Law, Curse, and Christ's Righteousness
Ebenezer Erskine (1680-1754)

GOD, having made man a rational creature capable of moral government, gave him a law suited to his nature by which he was to govern himself in the duties he owed to God his great Creator. This law was delivered to man in the form of a covenant with a promise of life upon the condition of perfect obedience and a threatening of death in case of disobedience (Gen 2:17). Thus stood matters between God and man in a state of innocency.

Adam and all his posterity in him and with him, having broken the covenant, are become liable to the curse and penalty of it, so that our salvation is become absolutely impossible until justice be satisfied and the honor of the broken law be repaired. The Law and justice of God [admit no refusal] and stand upon a full satisfaction and [compensation], otherwise heaven's gates shall be shut and eternally barred against man and all his posterity. The flaming sword of justice turns every way to keep us from access unto the paradise that is above.

While man in these circumstances was expecting nothing but to fall, an eternal sacrifice unto divine justice, the eternal Son of God, in His infinite love and pity to perishing sinners, steps in as a Mediator and Surety, offering not only to take our nature but to take our Law-place, to stand in our room and stead, whereby the whole obligation of the Law, both penal and preceptive, did fall upon Him. That is, He became liable and obliged both to fulfill the command and to endure the curse of the covenant of works, which we had violated. And here, by the way, it is fit to [alert you to the fact] that it was an act of amazing grace in the Lord Jehovah to admit a Surety in our room. For had He stood to the rigor and severity of the Law, He would have demanded a personal satisfaction without admitting of the satisfaction of a Surety: in which case Adam and all his posterity had fallen under the stroke of avenging justice through eternity. But glory to God in the highest, Who not only admitted of a Surety, but provided one and "laid help upon one that is mighty" (Psa 89:19)!

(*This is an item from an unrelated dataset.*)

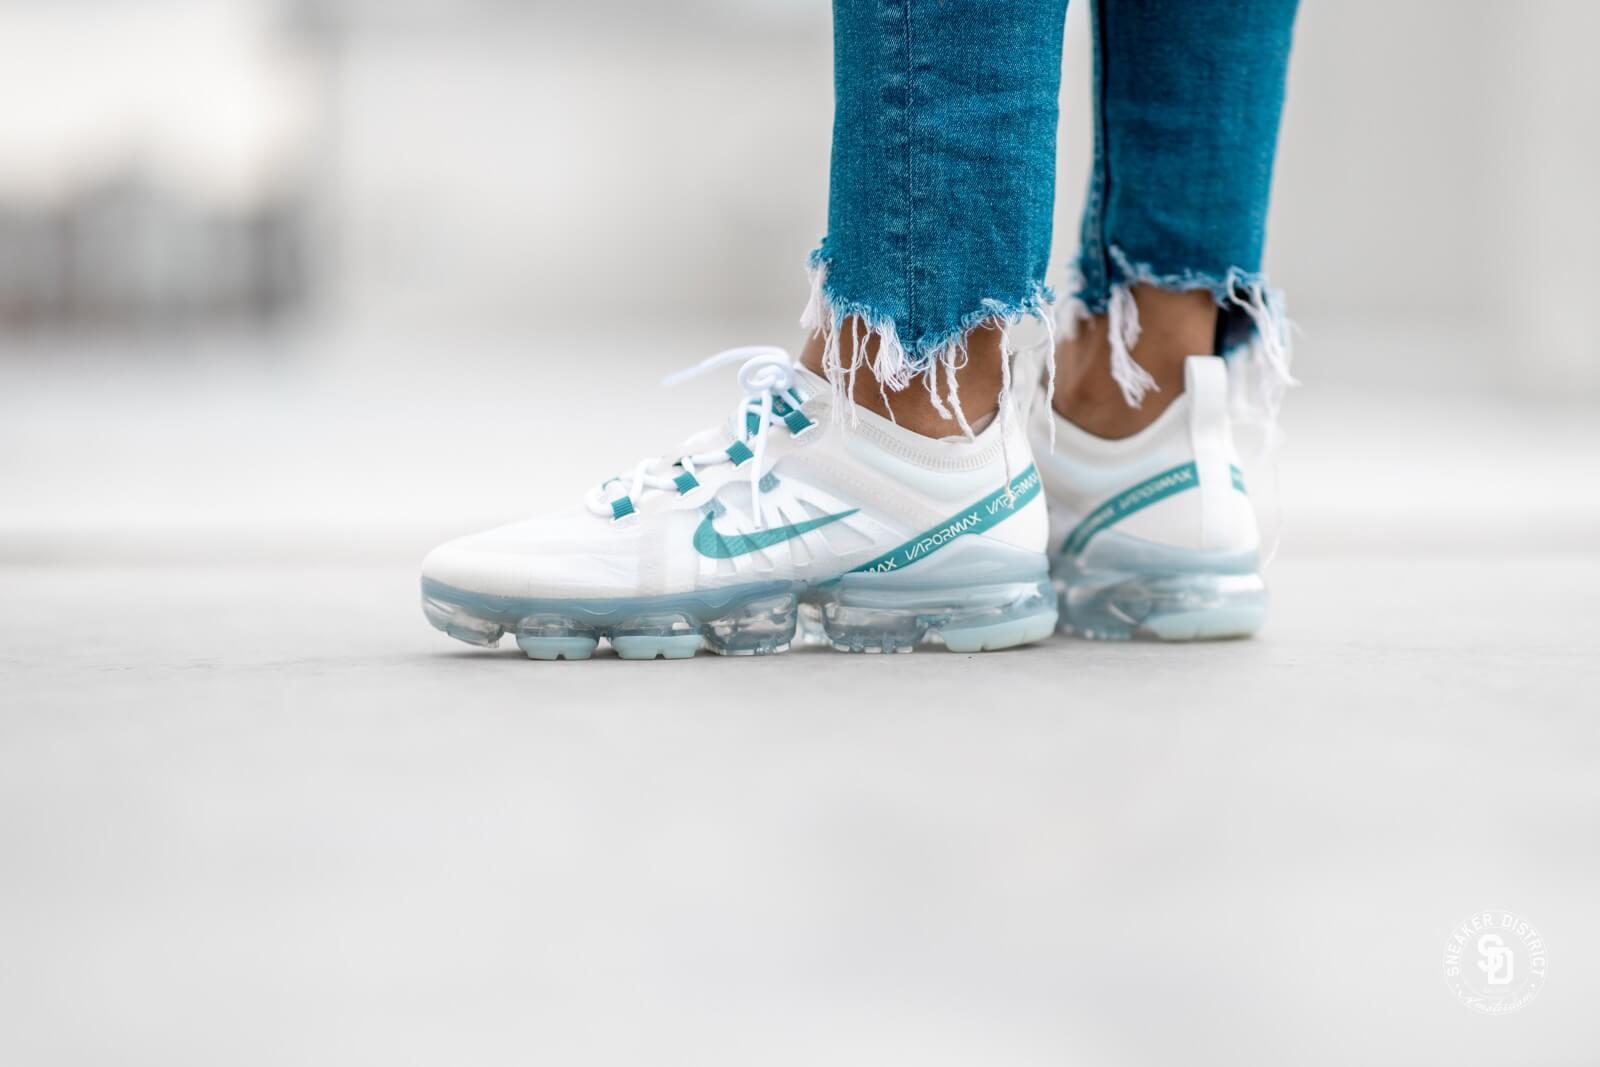 Nike Air VaporMax 2019 Schoen Zilver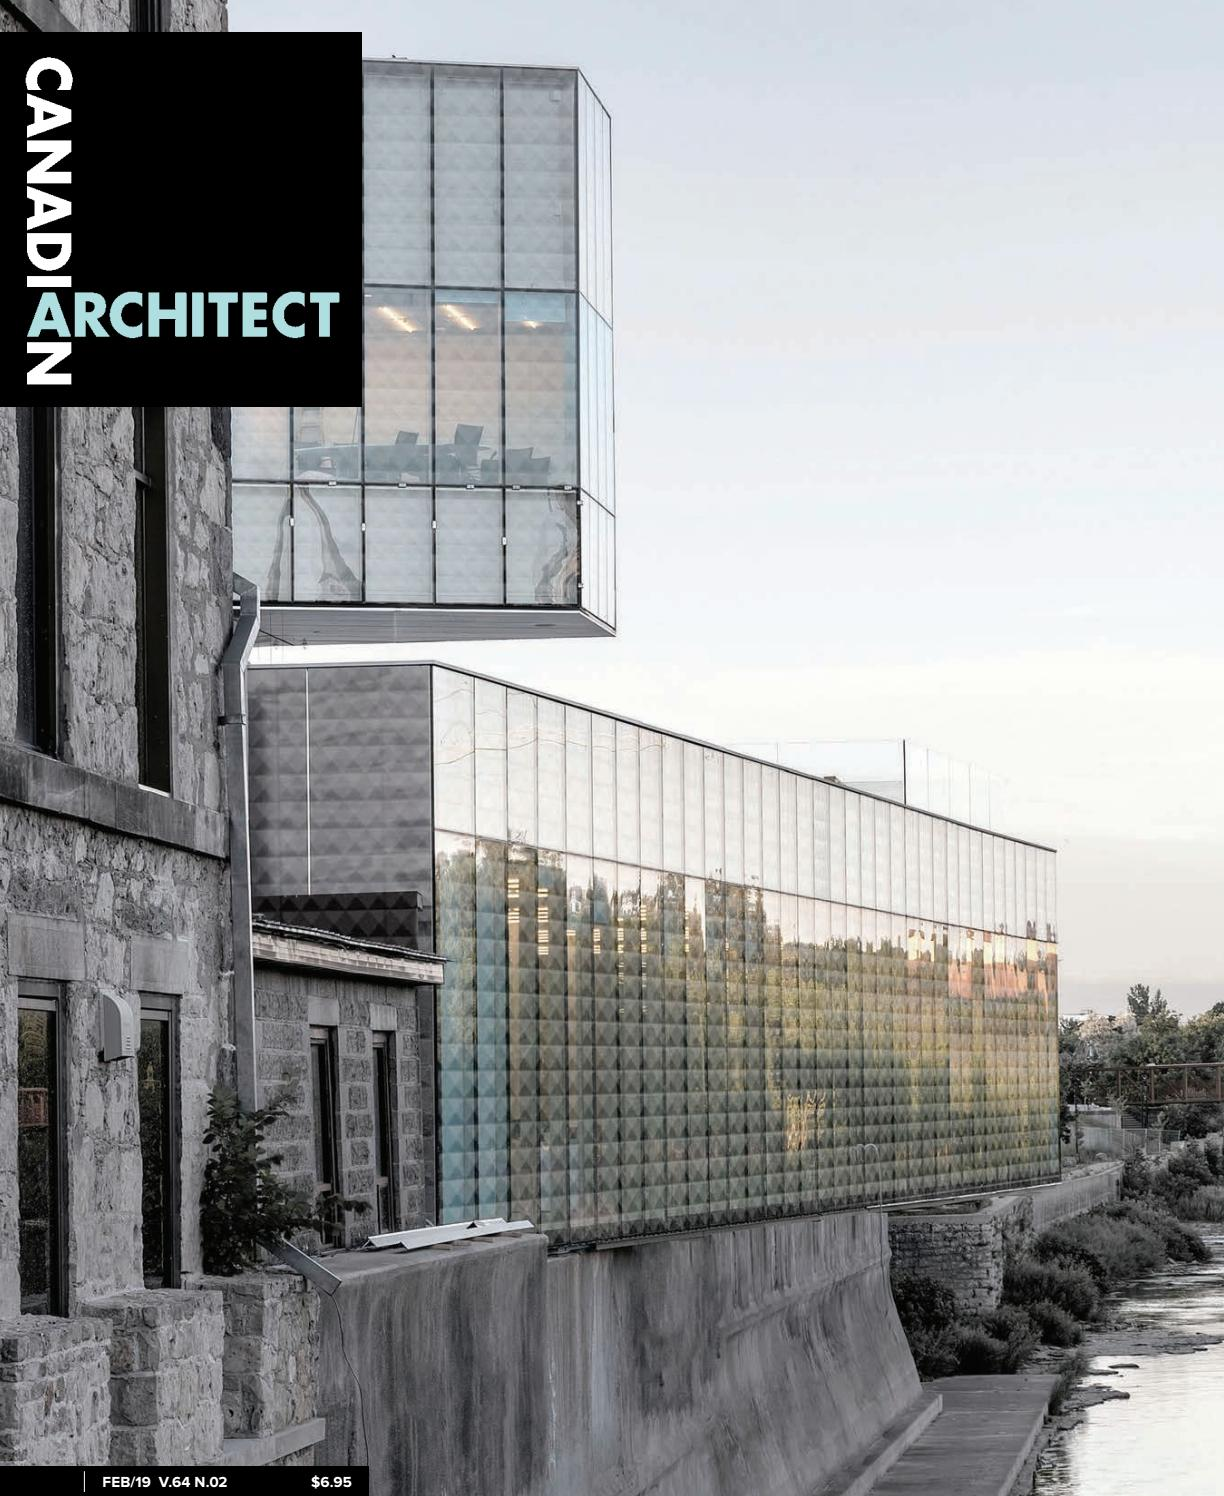 Echelle Bibliotheque Sur Rail canadian architect february 2019iq business media - issuu

Christ, the eternal Son of God, being in "the fulness of time, made of a woman, and made under the law" as our Surety (Gal 4:4), He actually in our room and stead, fulfilled the whole terms of the covenant of works. That is, in a word, He obeyed all the commands of the Law and endured the curse of it, and thereby brought in a complete Law-righteousness, whereby guilty sinners are justified before God.

This righteousness of the Surety is conveyed unto us by imputation. [This] is abundantly plain from many places of Scripture, particularly Romans 4:6, 11, 12, 23, 24. Now, this imputation of the Surety's righteousness runs principally upon these three things: (1) Upon the eternal transaction between the Father and the Son, wherein the Son of God was chosen and sustained as the Surety of an elect world. Then it was that He gave bond to the Father to pay their debt in the red gold of His blood saying, "Sacrifice and offering thou didst not desire . . . Lo, I come . . . I delight to do thy will" (Psa 40:6, 8). (2) It is grounded upon the actual imputation of our sins unto Him: "The LORD hath laid on him the iniquity of us all" (Isa 53:6). There is a blessed exchange of places between Christ and His people: He takes on our sin and unrighteousness, that we may be clothed with the white robe of His righteousness: "He was made sin for us, who knew no sin; that we might be made the righteousness of God in him" (2Co 5:21). (3) This imputation goes upon the ground of the mystical union between Christ and the believer. When the poor soul is determined in a day of power to embrace the Lord Jesus in the arms of faith, Christ and he in that very moment do coalesce[1] into one body. He becomes a branch of the noble Vine, a member of that Body whereof Christ is the glorious Head of eminence,[2] influence, and government. And being thus united to Christ, the long and white robe of the Mediator's righteousness is spread over him, whereby he is not only freed from condemnation, but for ever sustained as righteous in the sight of God: "But of him are ye in Christ Jesus, who of God is made unto us wisdom, and righteousness, and sanctification, and redemption" (1Co 1:30).

So perfect is this righteousness that the piercing eye of infinite justice cannot find the least flaw in it: yea, justice is so fully satisfied therewith, that God speaks of the soul who is clothed therewith, as though it were in a state of innocency and perfectly freed from sin.

From the sermon "The Believer Exalted in Imputed Righteousness" in The Whole Works of the Late Ebenezer Erskine, Vol I, reprinted by Free Presbyterian Publications.

Ebenezer Erskine (1680-1754): Evangelical divine and founder of the Secession Church of Scotland and popular preacher. Supported the evangelical work The Marrow of Modern Divinity, which had been condemned by the General Assembly. Born in Dryburgh (Scottish Borders).

1 coalesce — to come together so as to make one; unite.
2 eminence — distinguished superiority.